# s.s diana



## uncle al (Dec 1, 2007)

looking for photo`s/drawing`s/g.a plans of the following vessel--
name s.s diana
built 1849
builder smith+rodger,goven,glasgow(yard No 14)
cargo ????
grt 390 grt
fate 7-10-1878 foundered off `portland bill`,dorset
east or west of portland bill??
any help would be much appreciated(Pint)


----------



## wightspirit (Feb 15, 2008)

Hi Al

Lost about 20 miles south west of the Bill. Cargo coal and patent fuel. Some records for the company of Smith and Rodgers are held by Harland & Wolff, Belfast. They are listed as, 'list of ships built, Smith & Rodgers, 1844-1912, Caird n d (not dated), minutes n d, partnership agreements 1861, 1874: deeds of dissolution of partnership 1888. No mention of plans or photos.

Dave W


----------



## uncle al (Dec 1, 2007)

thanks dave


----------



## uncle al (Dec 1, 2007)

uncle al said:


> looking for photo`s/drawing`s/g.a plans of the following vessel--
> name s.s diana
> built 1849
> builder smith+rodger,goven,glasgow(yard No 14)
> ...


(Smoke)can anybody please tell me if the above vessel had any other names other than `diana`? also were the engine/boilers fitted aft?


----------



## uncle al (Dec 1, 2007)

uncle al said:


> (Smoke)can anybody please tell me if the above vessel had any other names other than `diana`? also were the engine/boilers fitted aft?

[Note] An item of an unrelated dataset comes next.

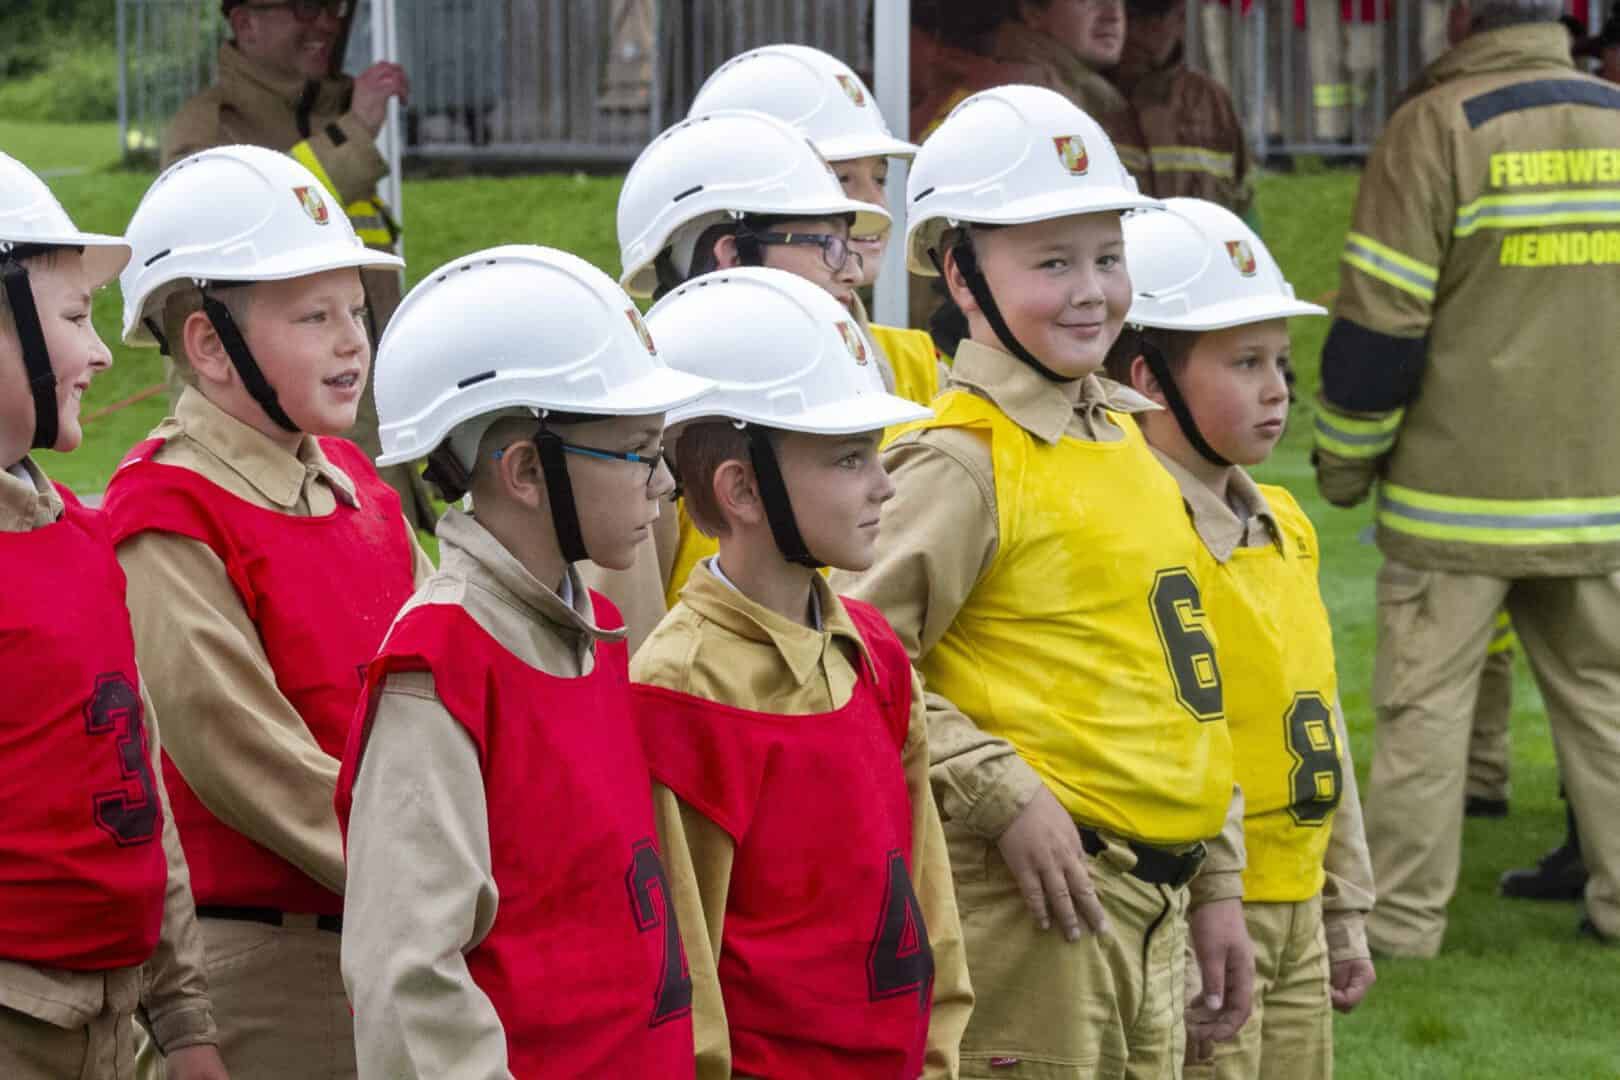 FELIX & ÖBFV Feuerwehrjugend Fördertopf: 2. Runde startet im Juli
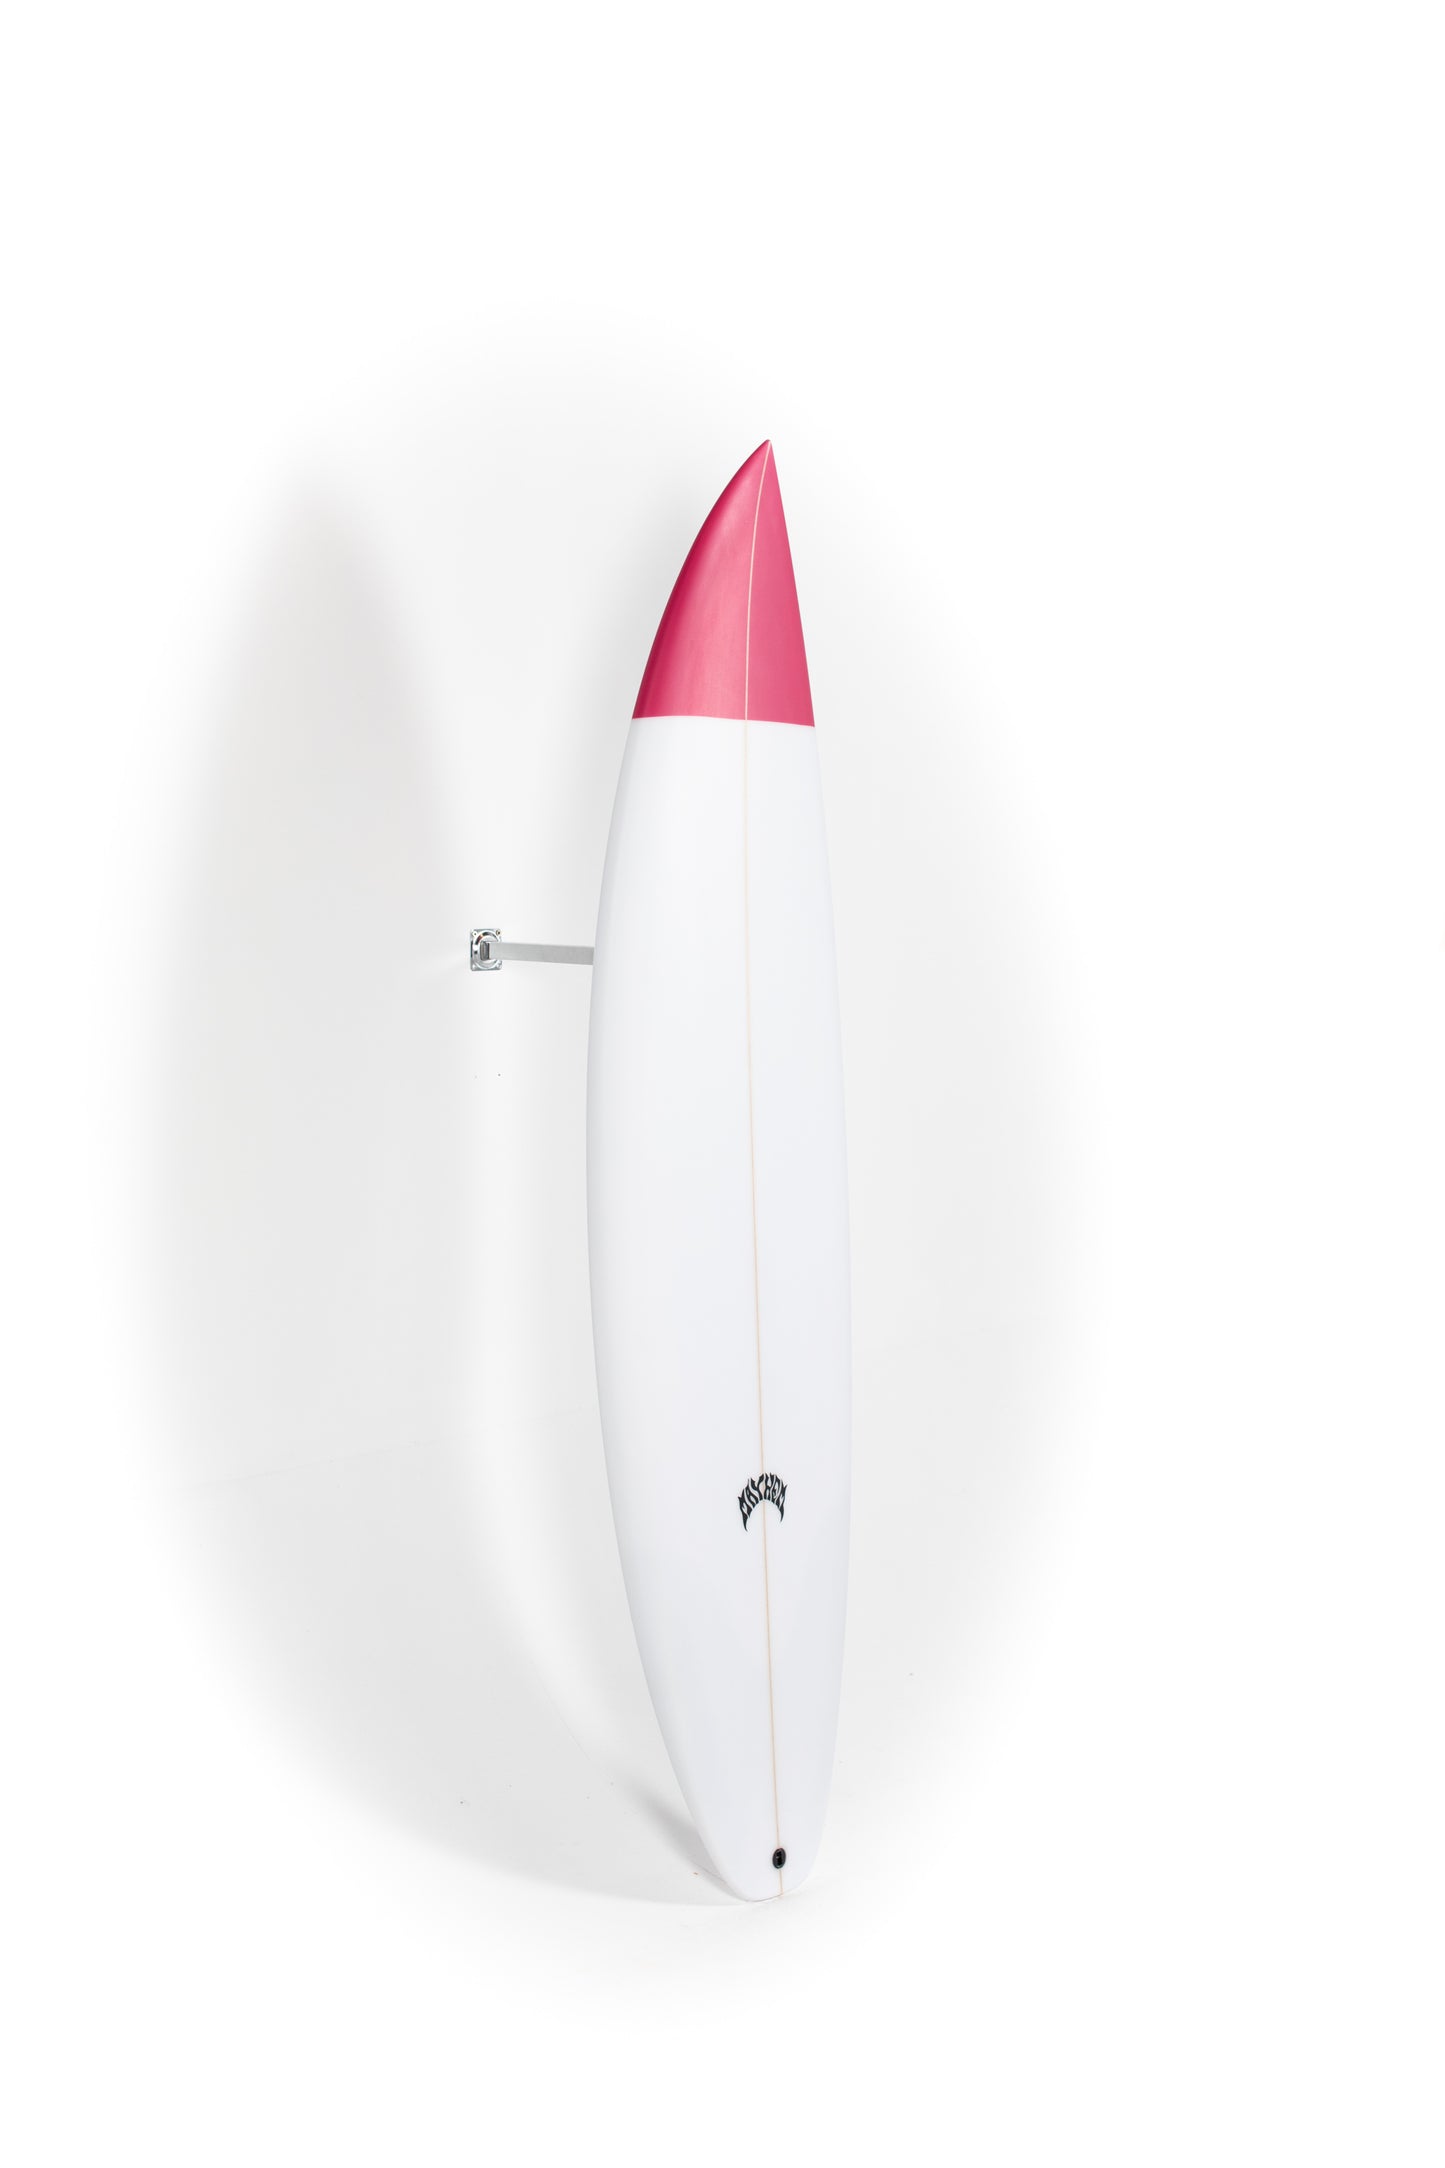 
                  
                    Pukas Surf shop - Lost Surfboards - DRIVER 3.0 by Matt Biolos - 6'4" x 19 7/8 x 2 11/16 x 34,55L - MH15395

still trying to find out if engine and boiler are fitted aft??(Smoke)


----------



## uncle al (Dec 1, 2007)

uncle al said:


> still trying to find out if engine and boiler are fitted aft??(Smoke)


due to the size of this vessel ,i would assume that the engine/boilers are fitted aft, can anybody tell me where i could find out if the engine was a compound or triple exp engine. i have tried Lloyd register?(Whaaa)


----------